Чего ради искусства не сделаешь? Из-за двери донеслось:
— Красны девицы вы, красавицы,
Отопритеся, отомкнитеся!..
— Непорато поешь!
Поглумились, поизгилялись над жрецом Мельпомены, потом, конечно, впустили.
— Где у вас тут новенькая?
Тося стоит перед ним ни жива ни мертва, разрумянилась вся, глаза долу опустила: шутка ли — о том идет речь годится ли она в королевы.
Правду говоря, походила она в ту минуту не на королеву, а на юную царевну из старой русской сказки, но, спрашивается, какой дурак король отказался бы жениться на русской царевне?
Режиссер долго раздумывать не стал и не без торжественности приступил к делу.
— От имени драмкружка и с разрешения военкома я пришел просить вас принять участие...
Каково же было изумление, даже ужас Тосиных спутниц, когда она негромко, но довольно твердо заявила:
— Я попробую... Правда, я никогда не играла и не знаю, получится ли, но я постараюсь...
На обратном пути режиссер заглянул, по меньшей мере, в двадцать вагонов, выклянчивая у кого-нибудь пустую "золотую" банку из-под трофейных американских консервов.
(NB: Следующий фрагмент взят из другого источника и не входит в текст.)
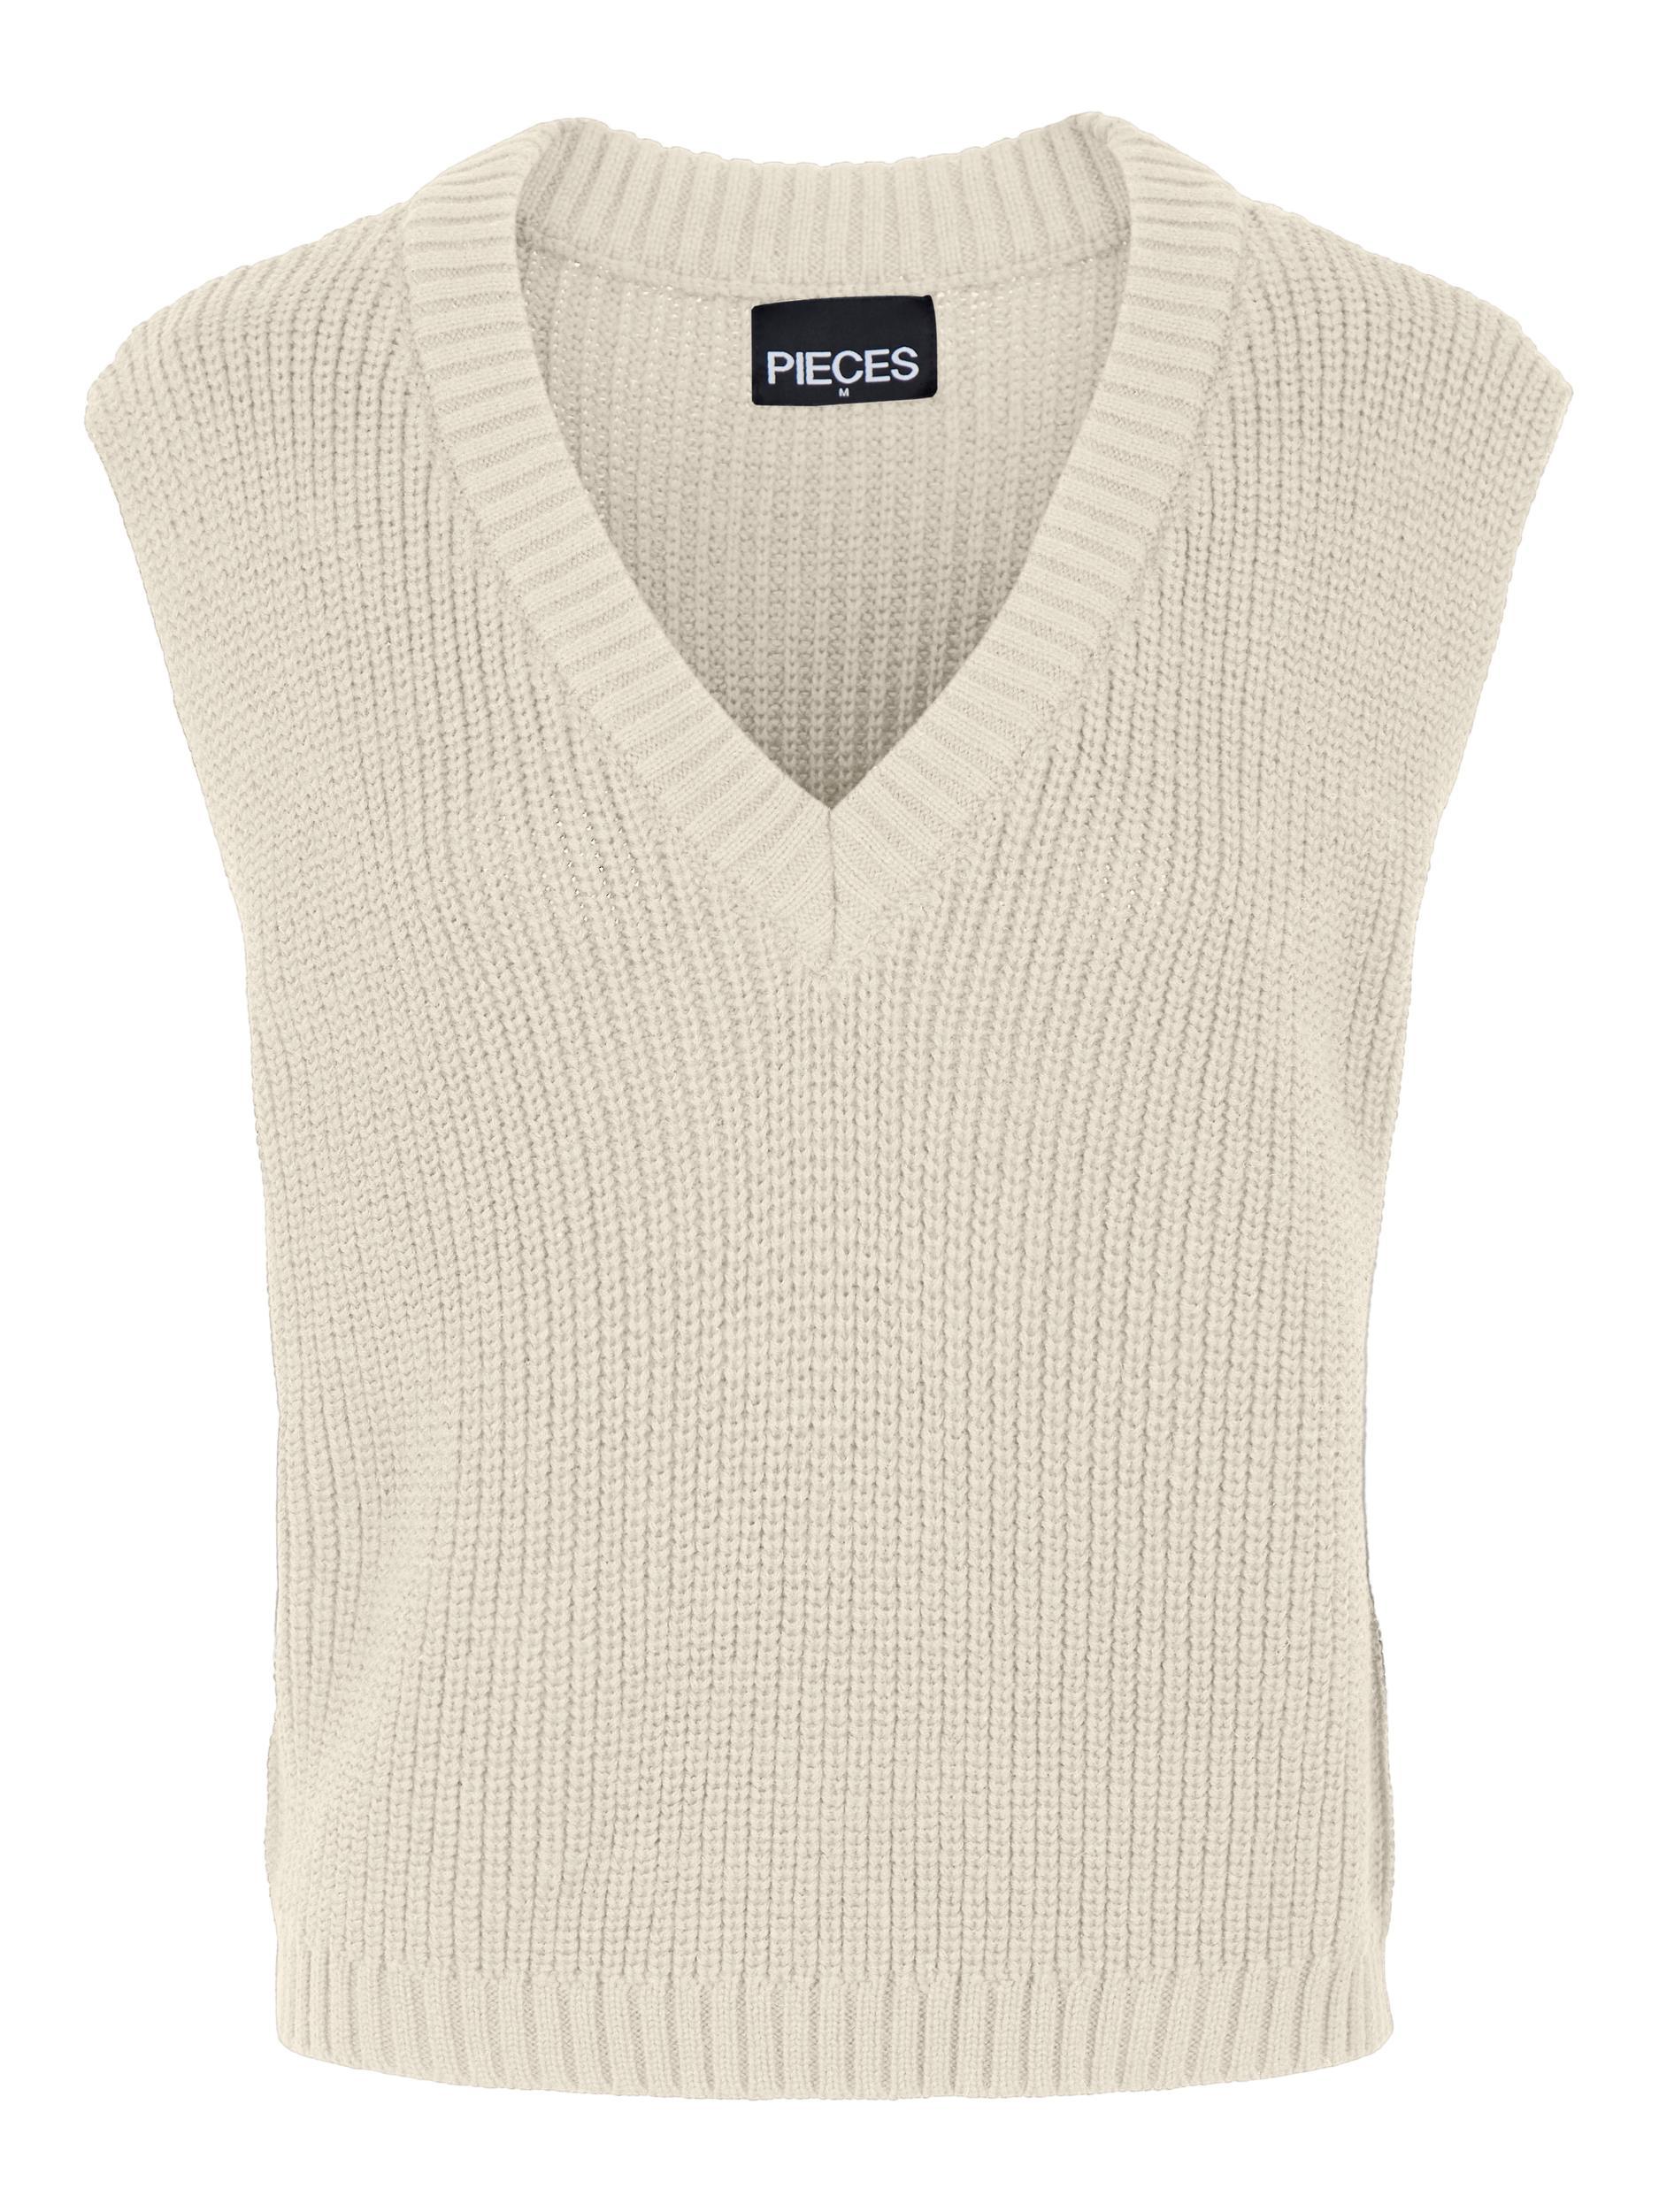 Pieces Carole V-Neck vest, birch, x-large

В Архангельске это добро можно было добыть без всякого труда, а тут ни у кого нет. Найдя и конфисковав искомое сокровище в двадцать первом вагоне, неутомимый режиссер отнес его знакомому слесарю-оружейнику. Тот даже рот разинул от удивления, получив заказ на изготовление скромной, но элегантной короны для королевы!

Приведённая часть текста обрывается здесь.